In Chalk this design often leads to cycles in the proof tree. Example:

trait Foo { }
// `WF(Self: Foo)` holds.
 
impl Foo for u8 { }

// Expanded to `trait Bar where Self: Foo, WF(Self: Foo)`
trait Bar where Self: Foo { }

// WF rule:
// `WF(Self: Bar)` holds if `Self: Foo`, `WF(Self: Foo)`.

// Reverse WF rules:
// `Self: Foo` holds if `WF(Self: Bar)`
// `WF(Self: Foo)` holds if `WF(Self: Bar)`

Now suppose we are asking whether u8: Foo holds. The following branch exists in the proof tree: u8: Foo holds if WF(u8: Bar) holds if u8: Foo holds.

I think rustc would have the right behavior currently: just dismiss this branch since it only leads to the tautological rule (u8: Foo) if (u8: Foo).

In Chalk we have a more sophisticated cycle detection strategy based on tabling, which basically enables us to correctly answer "multiple solutions", instead of "unique solution" if a simple error-on-cycle strategy were used. Would rustc need such a thing?

Drawbacks

  • Implied bounds on types can feel like "implicit bounds" (although they are not: the types appear in the signature of a function / impl header, so it's self-documenting).
  • Removing a bound from a struct becomes a breaking change (note: this can already be the case for functions and traits).
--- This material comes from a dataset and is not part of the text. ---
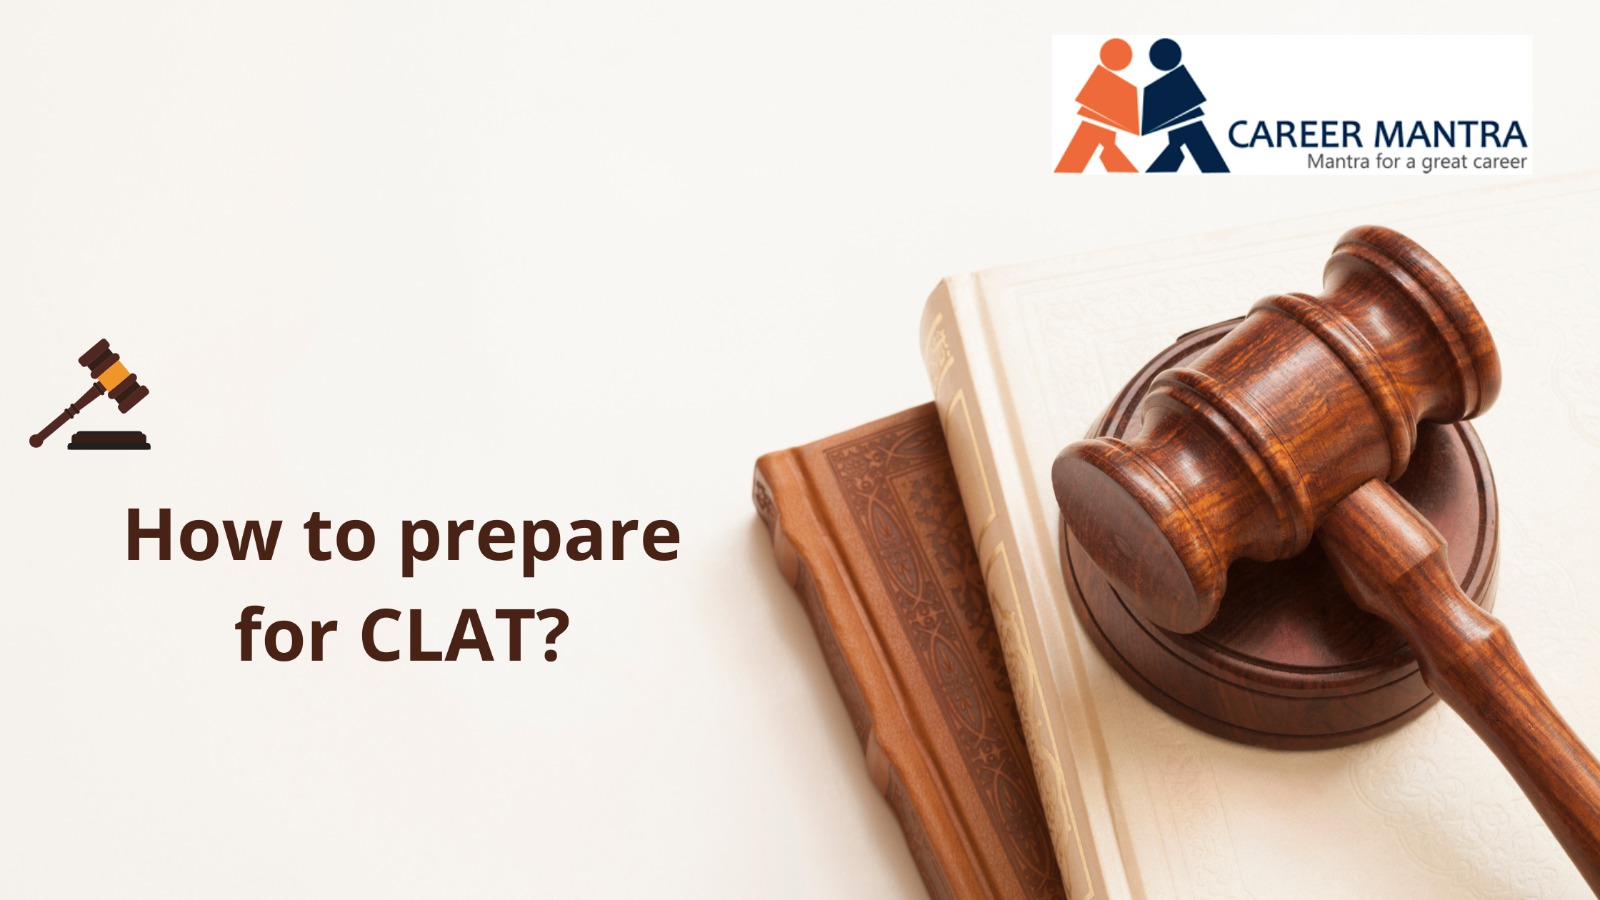 https://www.careermantra.net/blog/how-to-prepare-for-clat/
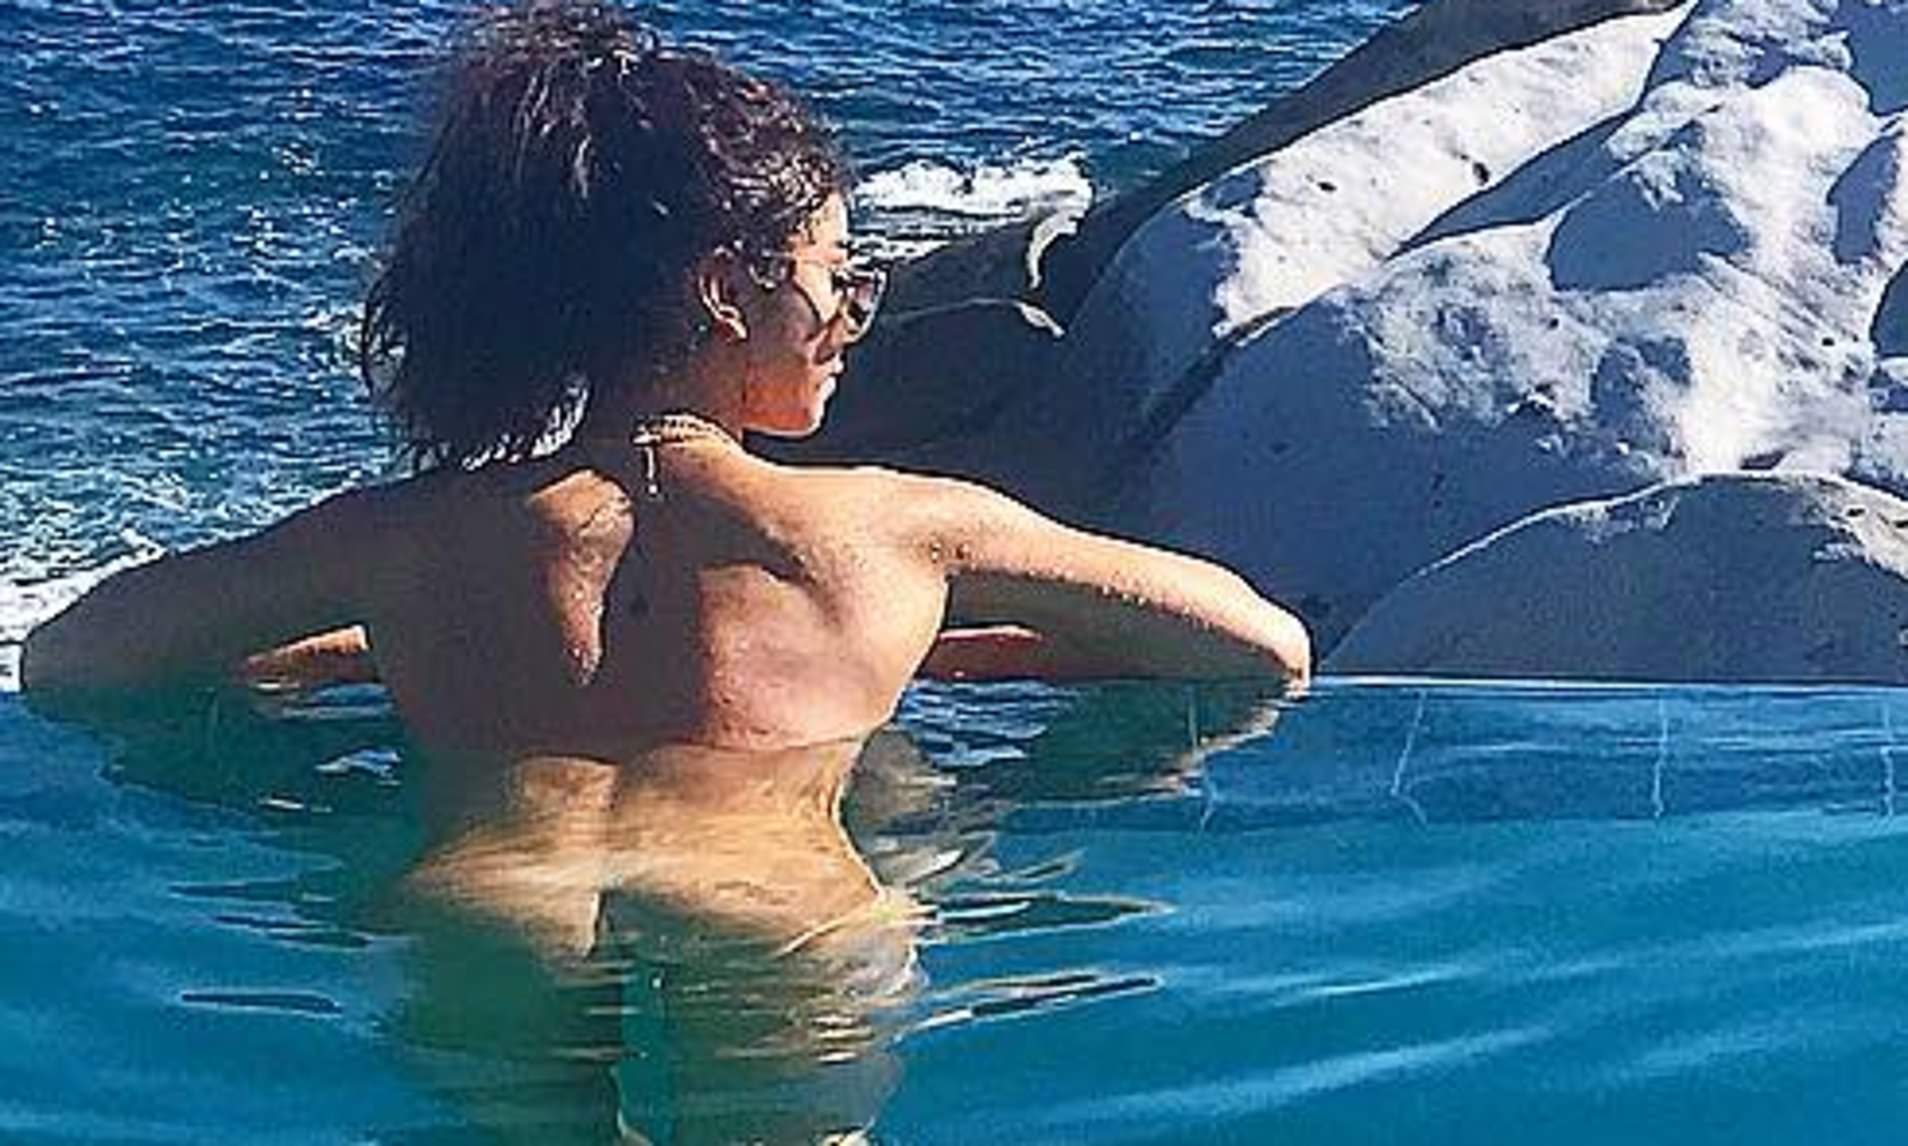 Sarah Hyland gets cheeky as she goes skinny dipping on romantic vacation  with boyfriend Wells Adam | Daily Mail Online

Rationale and Alternatives

Including parameters in well-formedness rules

Specific to this design: instead of disregarding parameters in well-formedness checks, we could have included them, and added reverse rules of the form: "WF(T) holds if WF(Struct<T>) holds". From a theoretical point of view, this would have had the same effects as the current design, and would have avoided the whole InputTypes thing. However, implementation in Chalk revealed some tricky issues. Writing in Chalk-style, suppose we have rules like:

WF(Struct<T>) :- WF(T)
WF(T) :- WF(Struct<T>)

then trying to prove WF(i32) gives birth to an infinite branch WF(i32) :- WF(Struct<i32>) :- WF(Struct<Struct<i32>>) :- ... in the proof tree, which is hard (at least that's what we believe) to dismiss.

Trait aliases

Trait aliases offer a way to factorize repeated constraints (RFC 1733), it's useful especially for bounds on types, but it does not overcome the limitations for implied bounds on traits (the where Bar: Into<Self> example is a good one).

Limiting the scope of implied bounds

These essentially try to address the breaking change when removing a bound on a type:

  • do not derive implied bounds for types
  • limit the use of implied bounds for types that are in your current crate only
  • derive implied bounds in impl bodys only
  • two distinct feature-gates, one for implied bounds on traits and another one for types

Unresolved questions

  • Should we try to limit the range of implied bounds to be crate-local (or module-local, etc)?
  • @nikomatsakis pointed here that implied bounds can interact badly with current inference rules.